Edith’s group was among the first to show that the epigenetic process of X-chromosome inactivation (XCI), whereby one of a female’s two X chromosomes is silenced during development, is remarkably dynamic. Much of her lab’s work has focused on X inactivation and the epigenetic changes that accompany this process in early development and particularly on exploring the mechanisms that trigger and stably maintain the silencing of an entire chromosome.
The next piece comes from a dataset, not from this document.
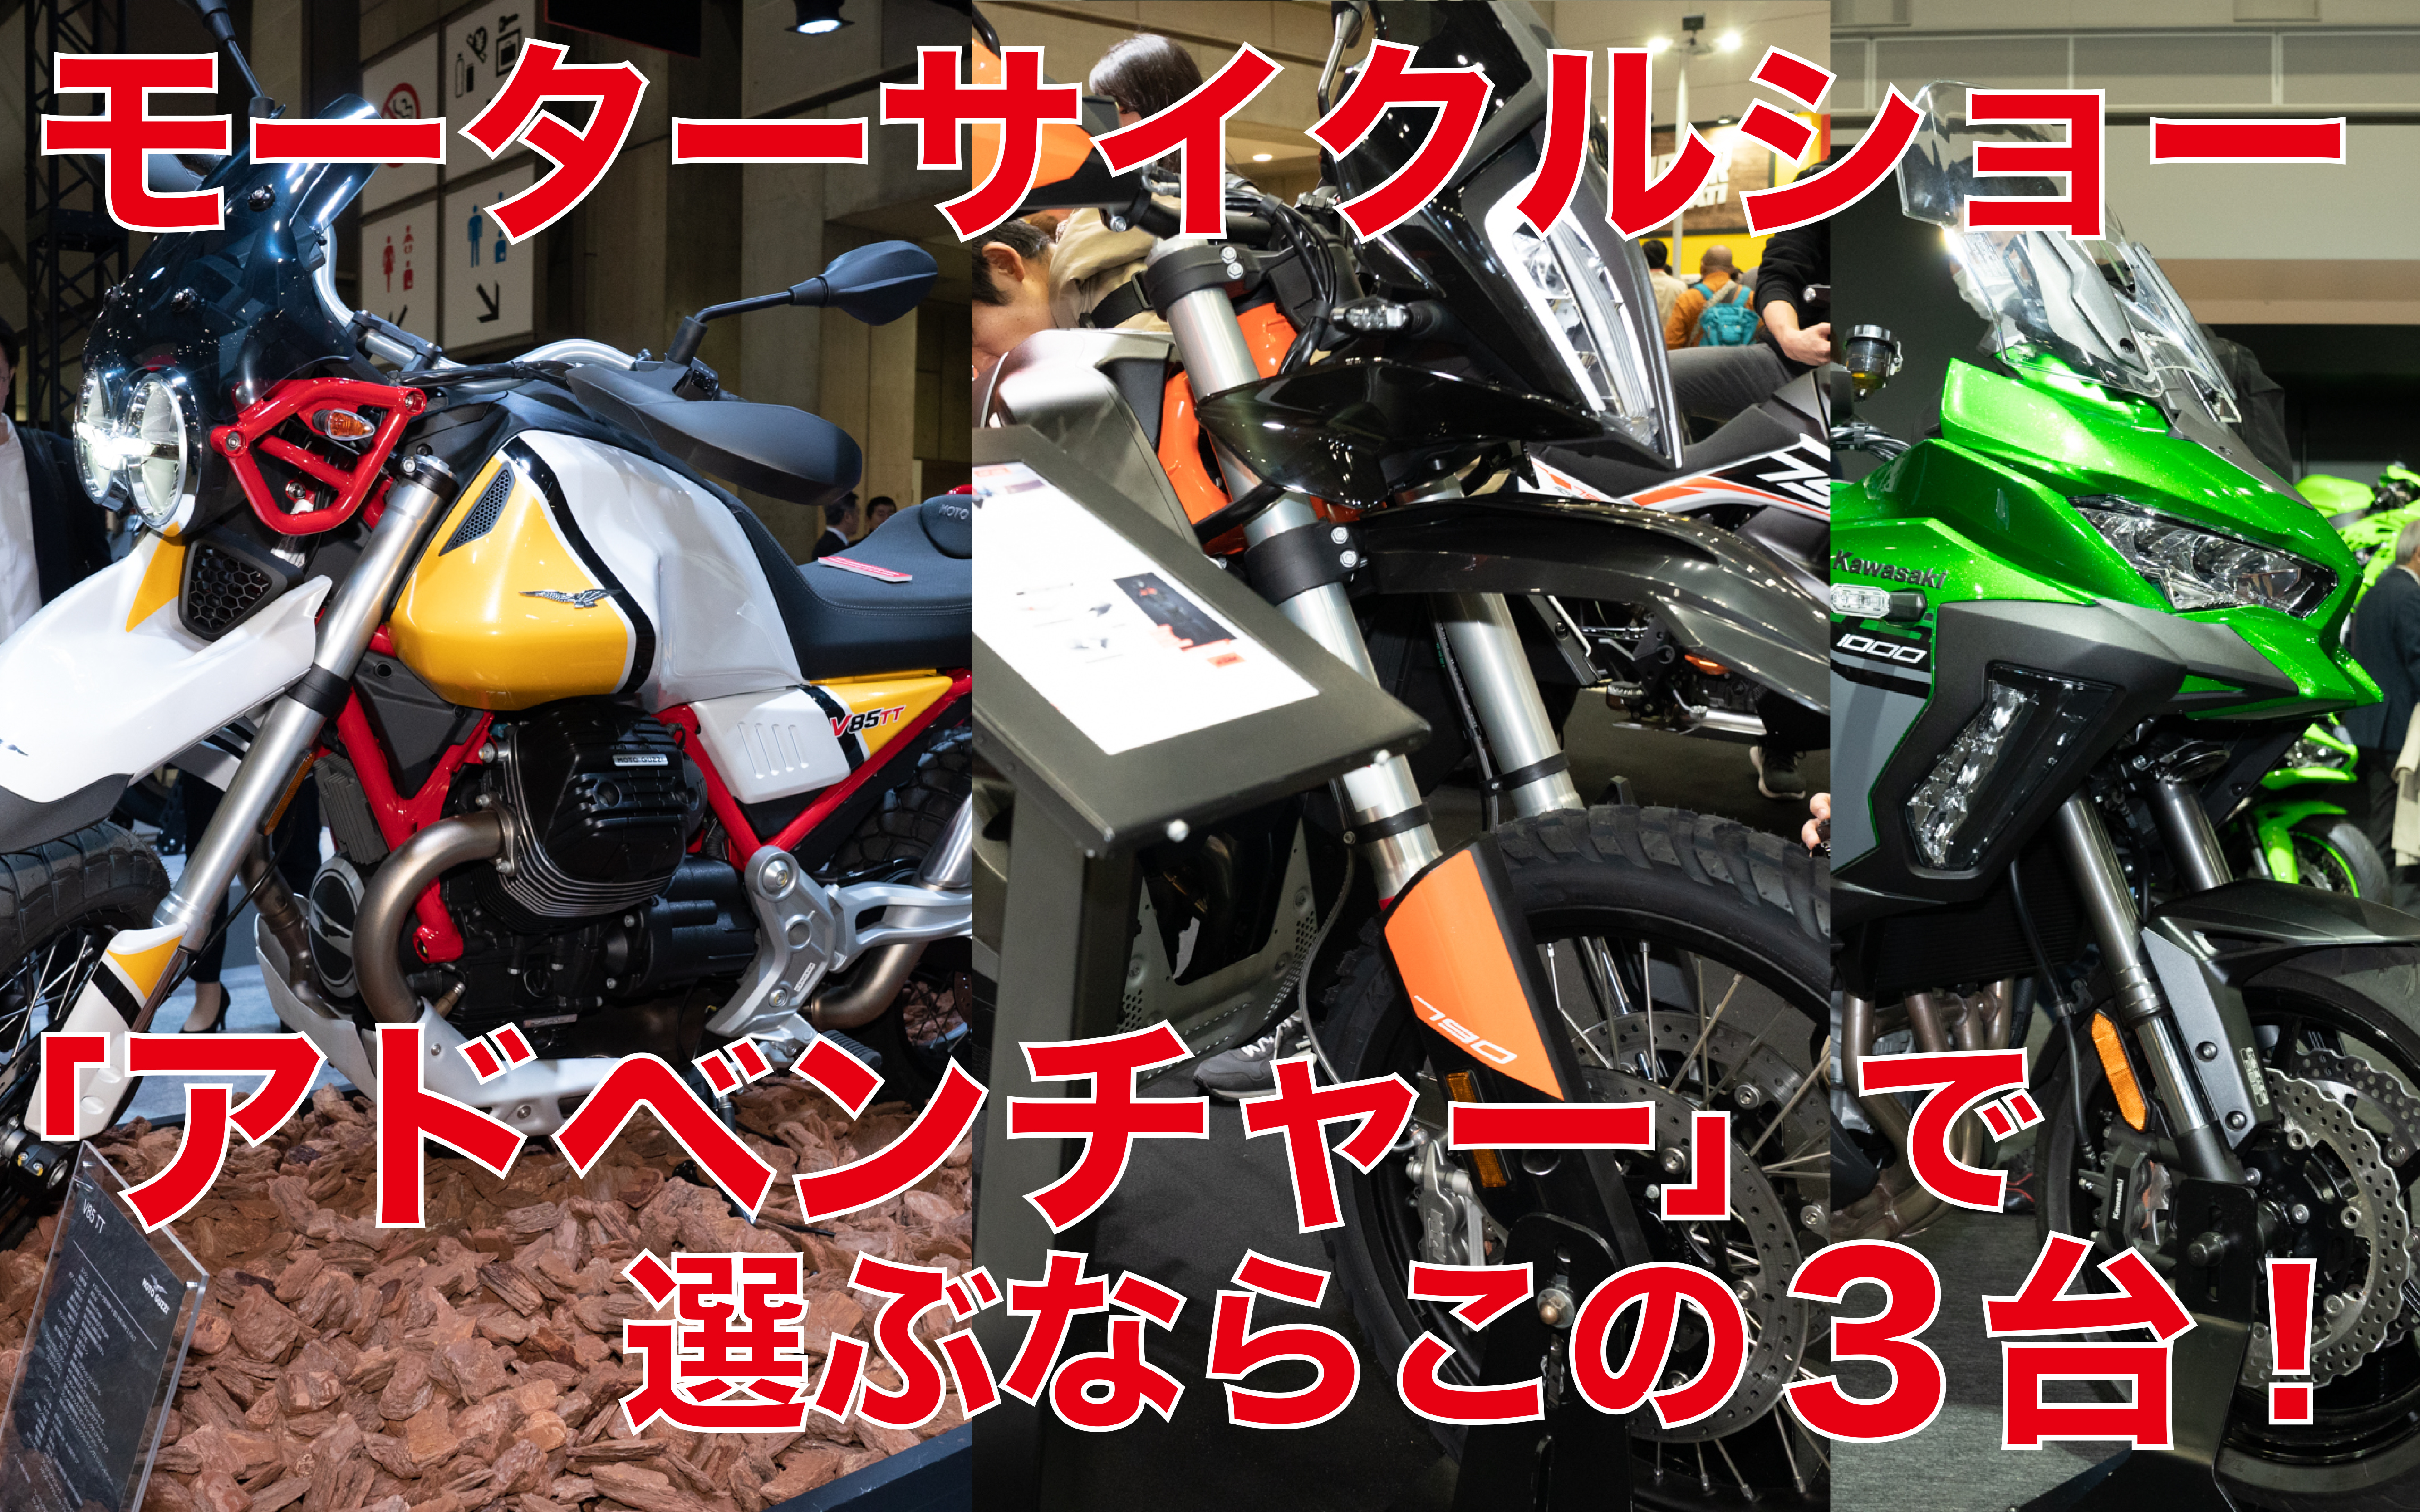 アドベンチャー編 モーターサイクルショー出展バイクから独断チョイス ならこの3台 Clicccar Com

Her interest in epigenetics has led her to reflect on the impact of the environment on phenotypes and on biodiversity, together with genetic variation, as well as the extent to which there is inter- and trans-generational epigenetic inheritance in different species.

Edith and her laboratory have been recognised by many prizes, most recently the L’Oréal-UNESCO For Women in Science International Award, the Hansen Family Award, the Karl Bonhoeffer Award, Inserm Grand Prix, the European Society for Human Genetics Award and the Prix René et Andrée Duquesne of la Ligue contre le cancer. Edith is an Honorary Fellow of Emmanuel College, at the University of Cambridge, a Fellow of the Royal Society, an EMBO Member, a Foreign Associate of the National Academy of Sciences (US), an International Member of the National Academy of Medicine (US), a Member of the German National Academy of Sciences Leopoldina, a Corresponding Member of the Royal Academy in Denmark, a member of Elected member of Académie des sciences, Institut de France, and she has an Honorary Degree Doctor of Science Honoris causa at the University of Cambridge and an Honorary Professor Degree at the University of Heidelberg. Edith has participated in numerous scientific boards and is currently a member of the Scientific Advisory Board of the CNRS (France), the BRIC (Copenhagen, Denmark), the IMBB (Crete, Greece), the Crick Institute (London, UK) and the WHO Science Council.